### Source material:
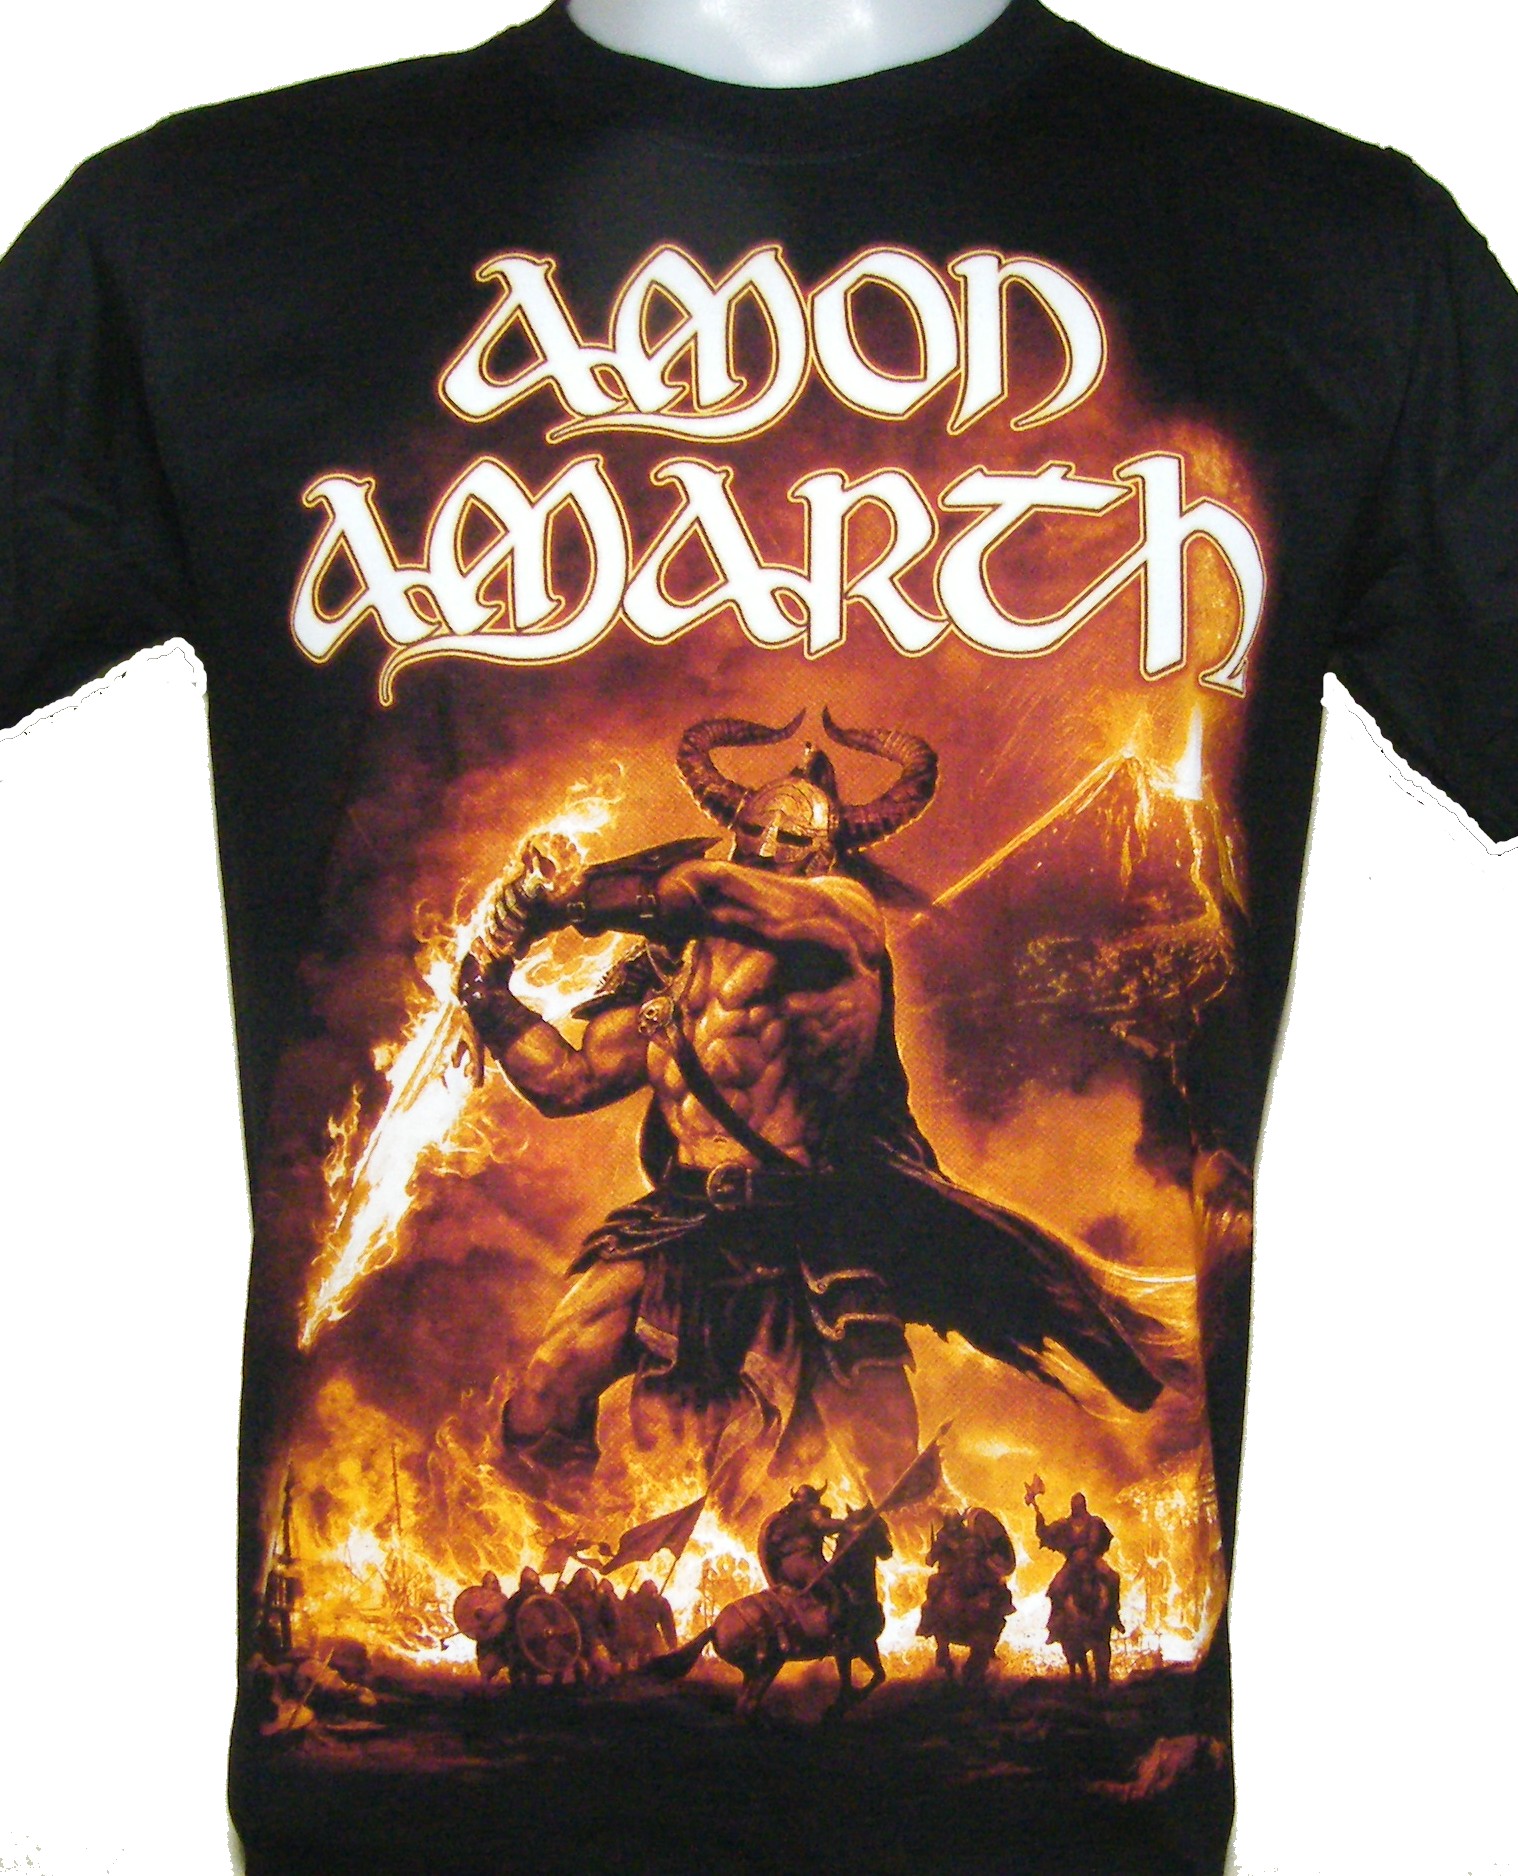 Amon Amarth T Shirt Size L Roxxbkk Amon amarth has released ten albums some of them victoriously cracking the top ten in sweden and recent releases have made very strong dents in the us billboard charts. amon amarth t shirt size l roxxbkk
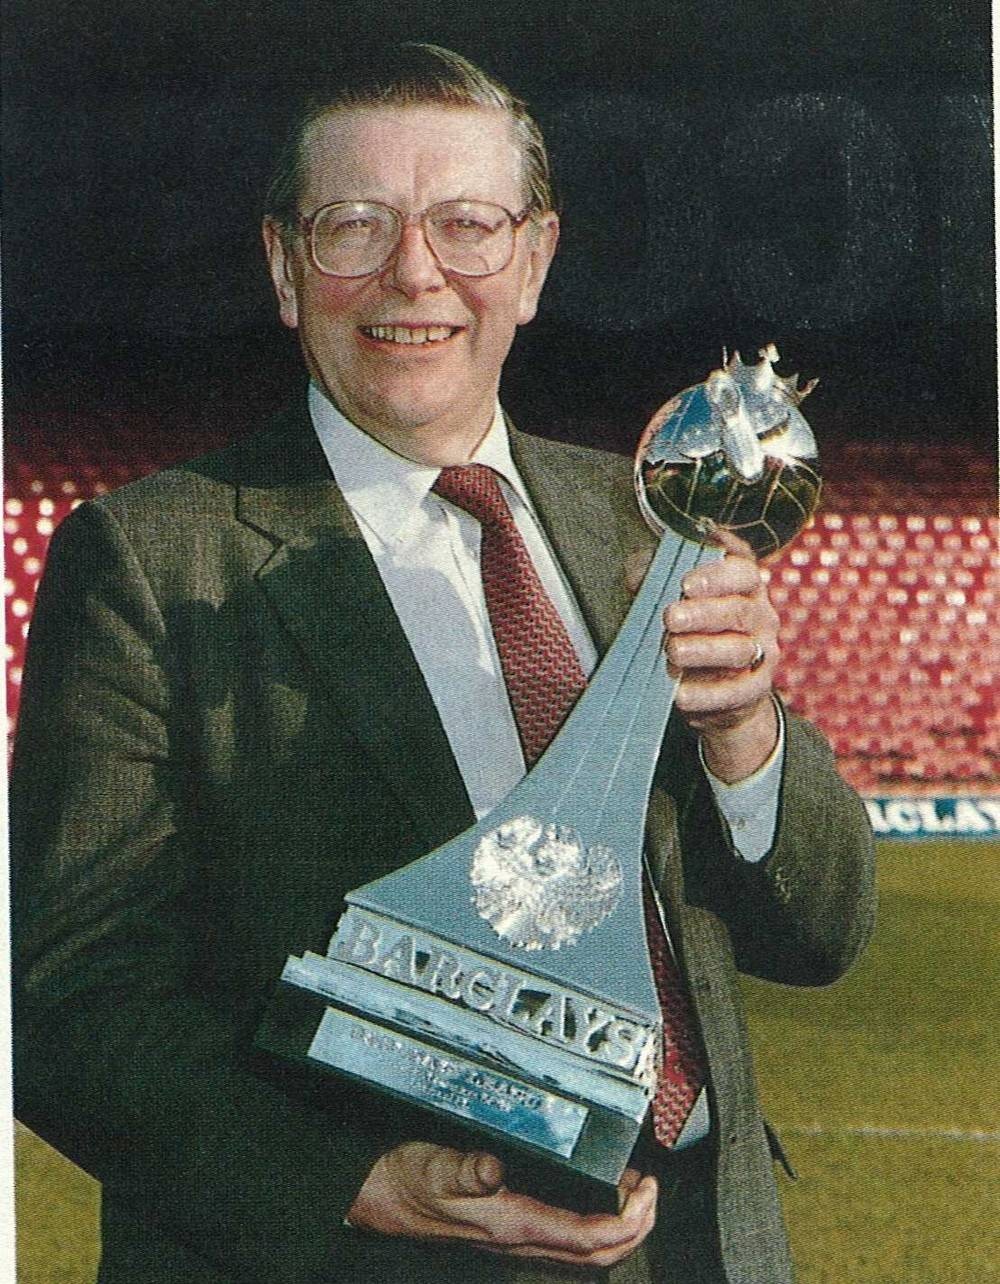 Former Barclays Group chairman John Quinton with the Football League trophy
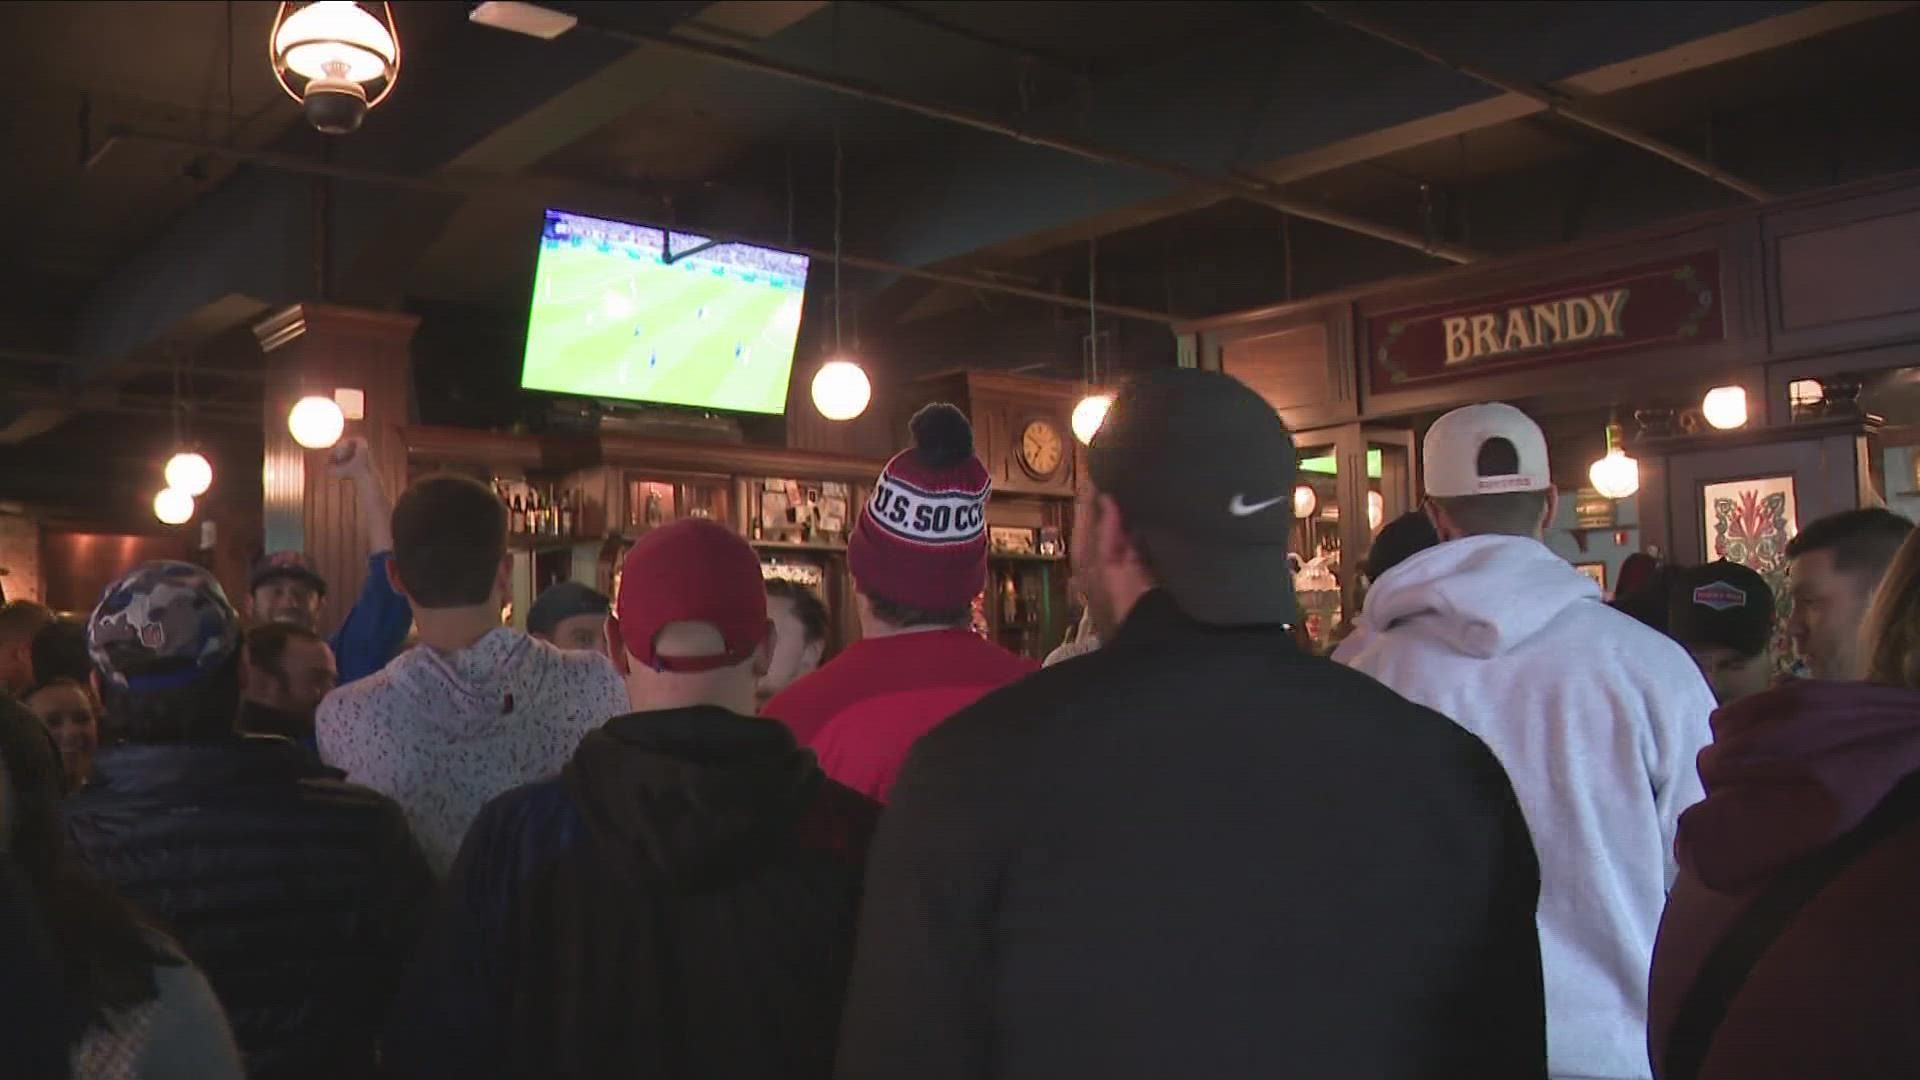 We stopped by a watch party at The Banshee in downtown Buffalo. Fans we spoke with said it's just more fun to come out and watch big games with other fans.

### Activity:
With the pictures left out, transcribe the material exactly.

### Answer to the problem:
 Amon Amarth T Shirt Size L Roxxbkk Amon amarth has released ten albums some of them victoriously cracking the top ten in sweden and recent releases have made very strong dents in the us billboard charts. amon amarth t shirt size l roxxbkk
 Former Barclays Group chairman John Quinton with the Football League trophy
 We stopped by a watch party at The Banshee in downtown Buffalo. Fans we spoke with said it's just more fun to come out and watch big games with other fans.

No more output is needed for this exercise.